DATA SECTION:
=-=-=-=-=
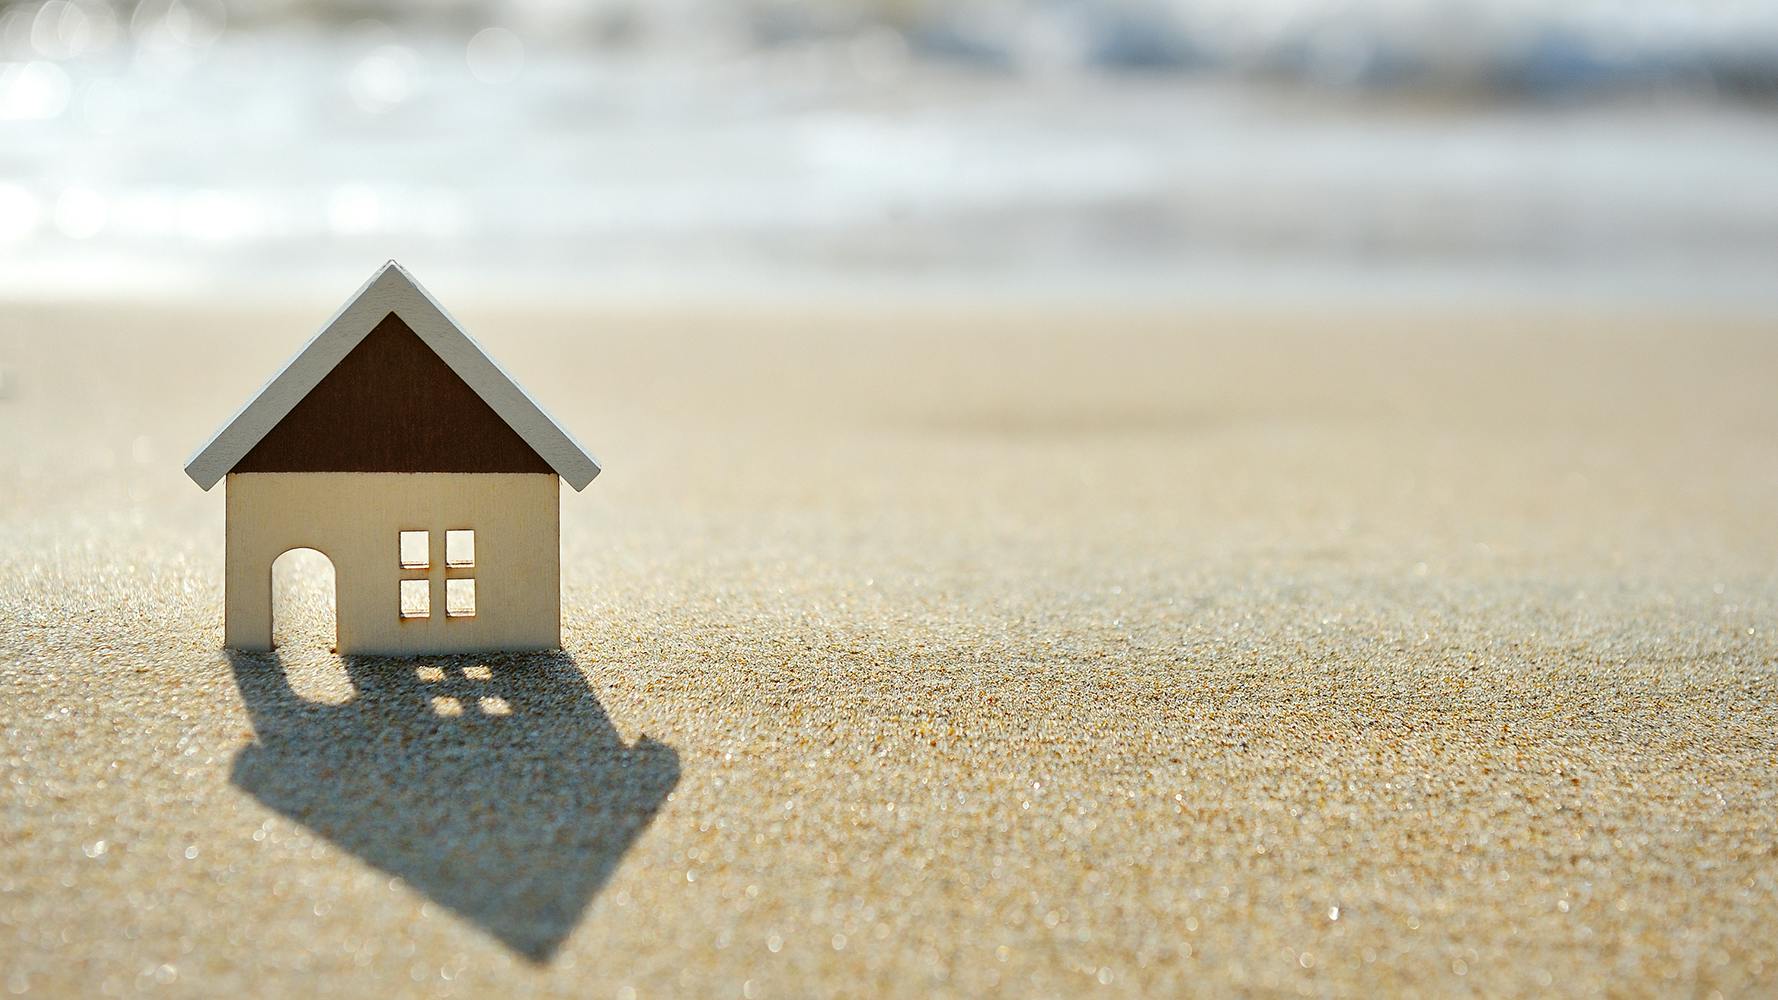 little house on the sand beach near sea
=-=-=-=-=
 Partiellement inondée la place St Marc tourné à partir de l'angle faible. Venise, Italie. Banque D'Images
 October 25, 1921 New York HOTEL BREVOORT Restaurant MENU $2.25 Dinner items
=-=-=-=-=
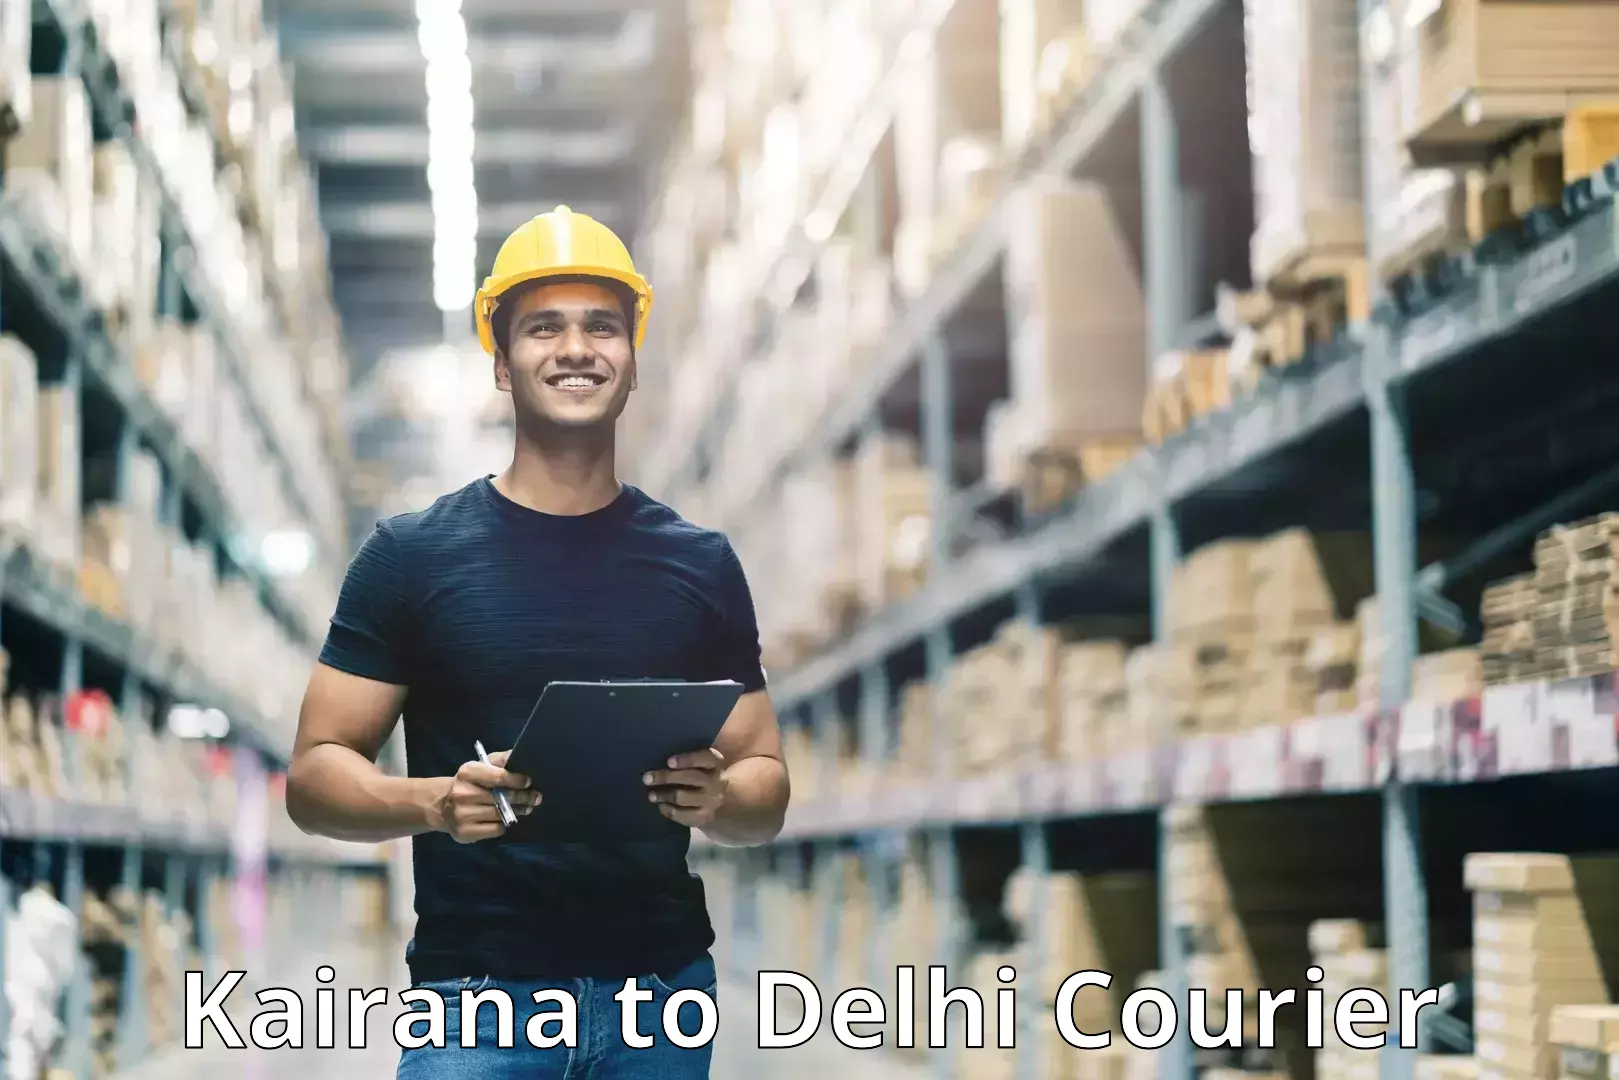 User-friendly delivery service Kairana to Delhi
=-=-=-=-=
YOUR ASSIGNMENT: Everything in the material above from the line that has "Partiellement inondée la" through the line that has "October 25, 1921" must be duplicated exactly, with no other lines given.

REPLY:
 Partiellement inondée la place St Marc tourné à partir de l'angle faible. Venise, Italie. Banque D'Images
 October 25, 1921 New York HOTEL BREVOORT Restaurant MENU $2.25 Dinner items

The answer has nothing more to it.